Pietro Manganelli

Personal information
- Date of birth: 3 December 1993 (age 32)
- Place of birth: Siena, Italy
- Height: 1.88 m (6 ft 2 in)
- Position: Centre-back

Team information
- Current team: Colligiana

Senior career*
- Years: Team / Apps / (Gls)
- 2010–2011: Monteriggioni / 13 / (0)
- 2011–2013: Siena / 0 / (0)
- 2012–2013: → Borgo (loan) / 21 / (0)
- 2013–2014: Colligiana / 22 / (2)
- 2014–2015: Parma / 0 / (0)
- 2014–2015: → Gubbio (loan) / 24 / (0)
- 2015–2016: Taranto / 6 / (2)
- 2016: Jolly Montemurlo / 11 / (0)
- 2016–2017: Teramo / 3 / (0)
- 2017: Pro Piacenza / 3 / (0)
- 2017–2018: San Donato / 23 / (0)
- 2018–2020: Scandicci / 60 / (7)
- 2020–2022: Lornano Badesse / 58 / (2)
- 2022–: Colligiana

= Pietro Manganelli =

Italian footballer

Pietro Manganelli (born 3 December 1993) is an Italian footballer who plays as a centre-back for Serie D club A.S.D. San Donato Tavarnelle.

==Club career==
Manganelli started his senior career at Italian fifth division (Serie D) club Monteriggioni, in the Province of Siena.
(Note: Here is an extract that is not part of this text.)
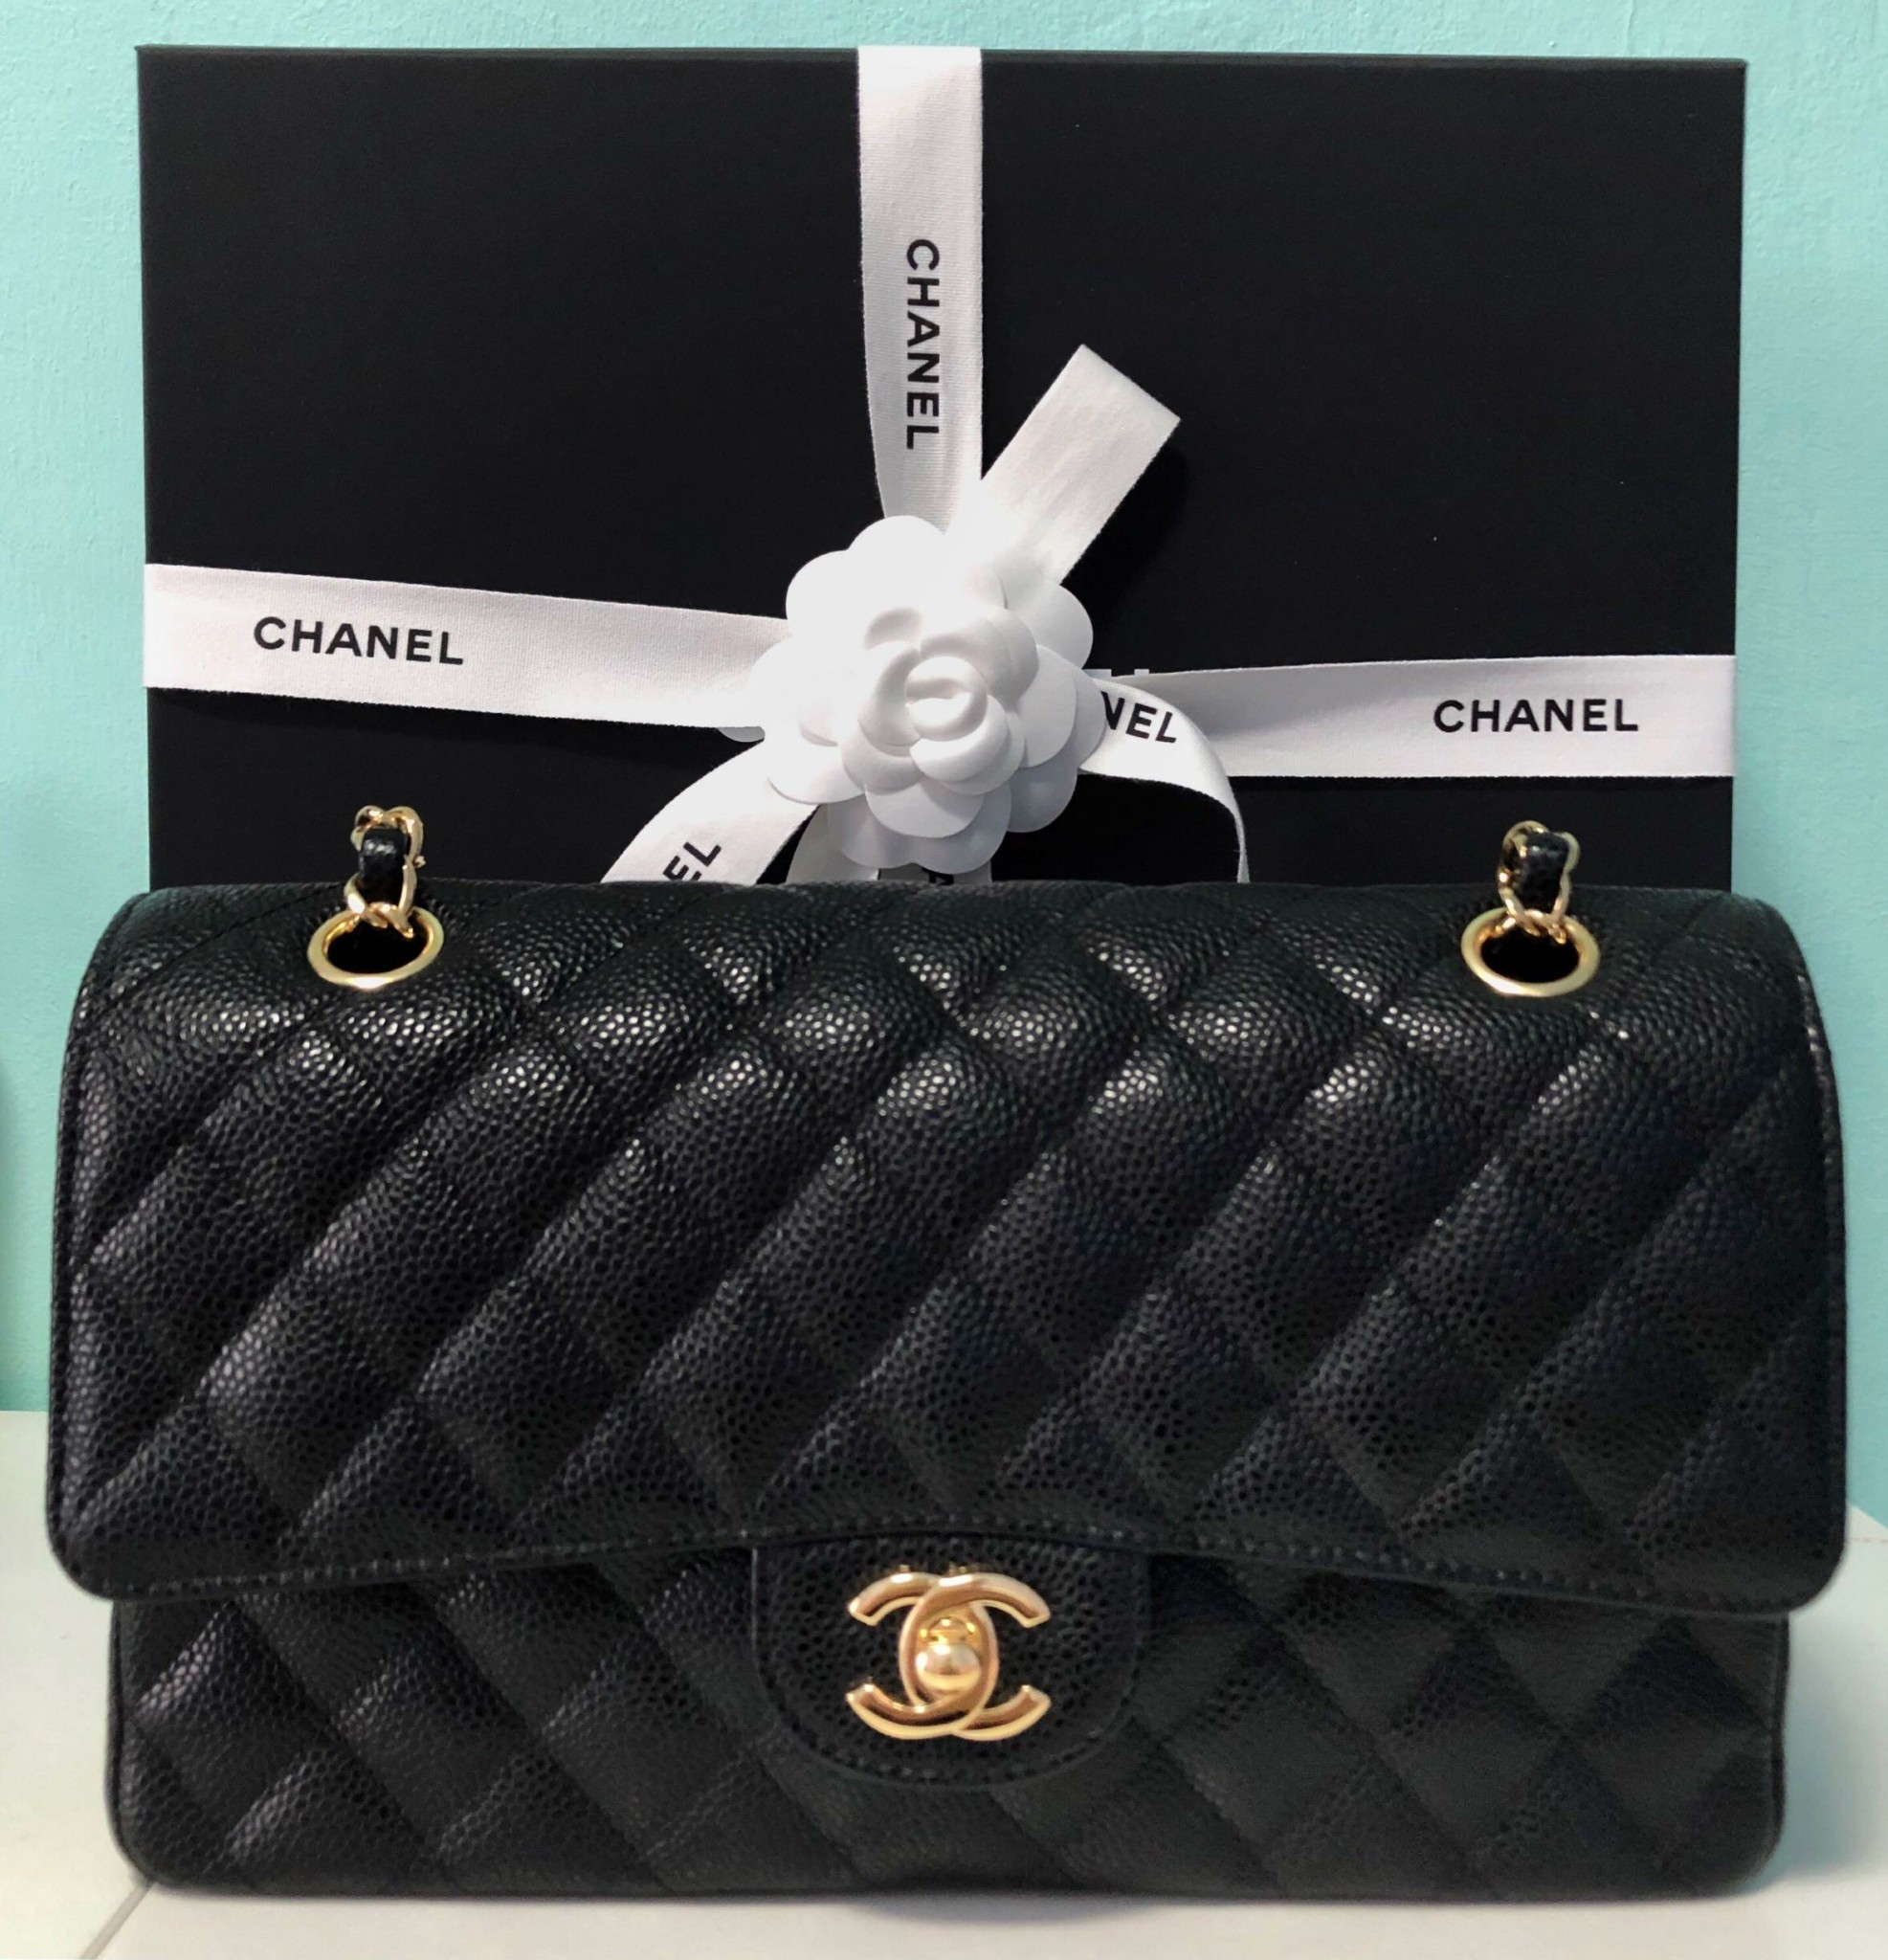 Οι δυο διασημότερες τσάντες όλων των εποχών σε ακτινογραφία: Chanel 2.55 vs. Chanel Classic flap

In 2011, he joined hometown club Siena's reserve team. Manganelli left Siena in 2012 for Italian fourth division (ex–Serie C2) club Borgo-a-Buggiano, along with Andrea Pastore in temporary deals. In 2013, he signed for non-league side Colligiana.

In 2014, the player was signed by Serie A club Parma. Manganelli, along with Michele Bentoglio, Daniele Casiraghi, Tommaso Domini and Alessandro Luparini were loaned to Lega Pro (ex–Serie C) club Gubbio in temporary deals.